For pair read:
IRMA <RSV0-config> <R1.fastq.gz/R1.fastq> <R2.fastq.gz/R2.fastq> <sample_name>
For single read:
IRMA <RSV0-config> <fastq/fastq.gz> <sample_name>
IRMA <RSV1-config> <fastq/fastq.gz> <sample_name_RSV1>
IRMA <RSV2-config> <fastq/fastq.gz> <sample_name_RSV2>
Assembly RSV sequence read with pseudo-segments instead of WGS can fix some low QC reads Two RSV module: RSV-SHGF library and RSV-without SHGF library are created due the interest of RSV cell surface genomes.
RSV IRMA output directoryies, .sh, reference directory, java screipts need to be moved under a same directory IRMA output from different libraries need to be labeled as _"RSV1" and _"RSV2"
On Local
Gene alignment tool MAFFT need to be installed under ./src
## Compile the java
javac ./nest.java
sh comb.sh >> comb.log
On Server
## Add module load MAFFT in shell script
javac ./nest.java
sh comb.sh >> gacrc_comb.log
Step1: .sh will check the exists of IRMA output _RSV1 and _RSV2 directories and amended_consensus sub directories.
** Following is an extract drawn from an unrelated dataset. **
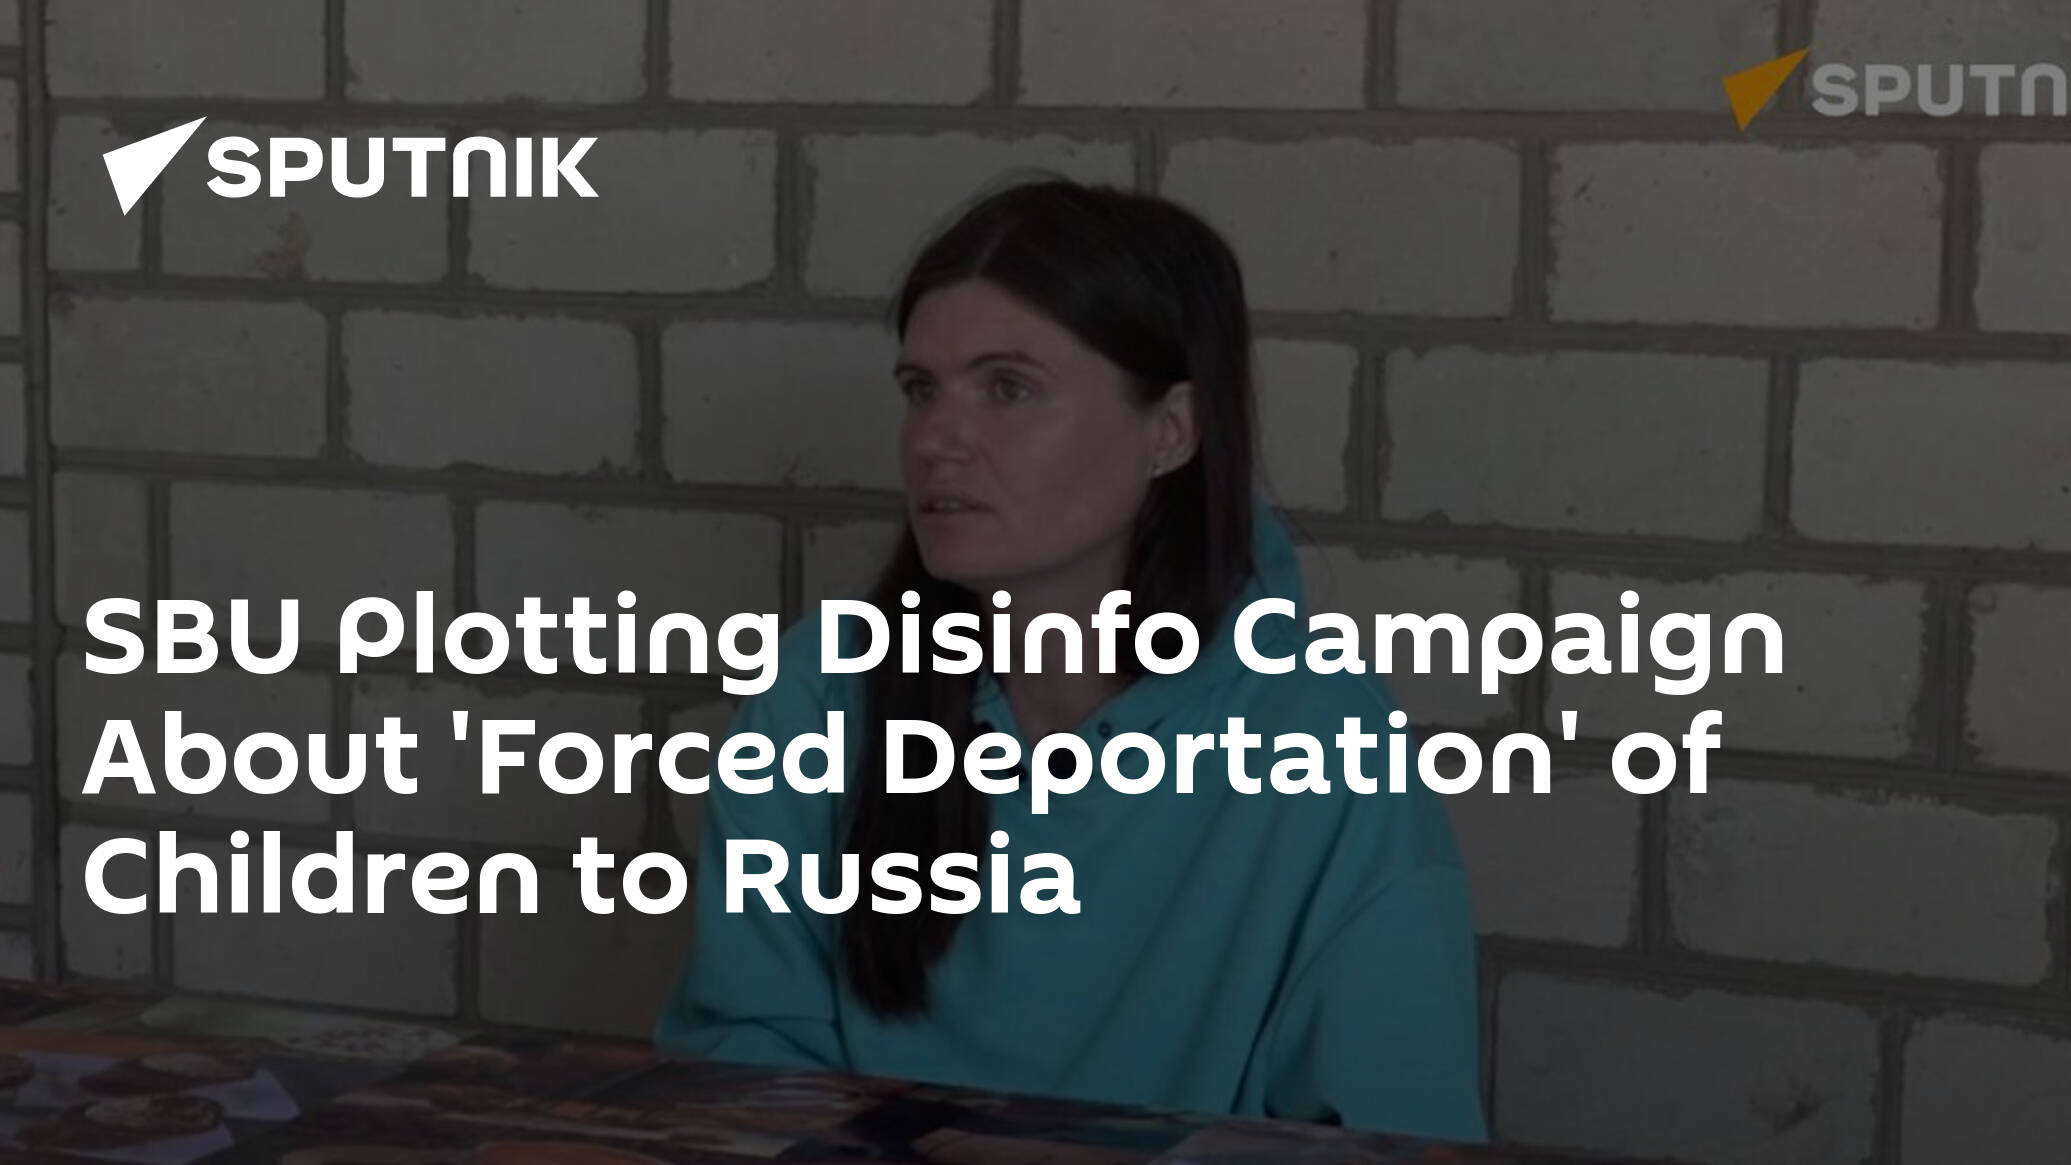 SBU Plotting Disinfo Campaign About 'Forced Deportation' of Children to Russia

Step2: The ORF of different gene regions are searched by allignment with reference sequence considering the possible issue at the intergenic regions.
Step3: Different gene regions from IRMA consensus read are nested together.
Step4: Alignment with reference sequence file is also generated.
Step5: sum.txt be created contain the genotype and length information for all RSV samples under the directory; Recommend to generate comb.log to double check if all samples have been processed correctly.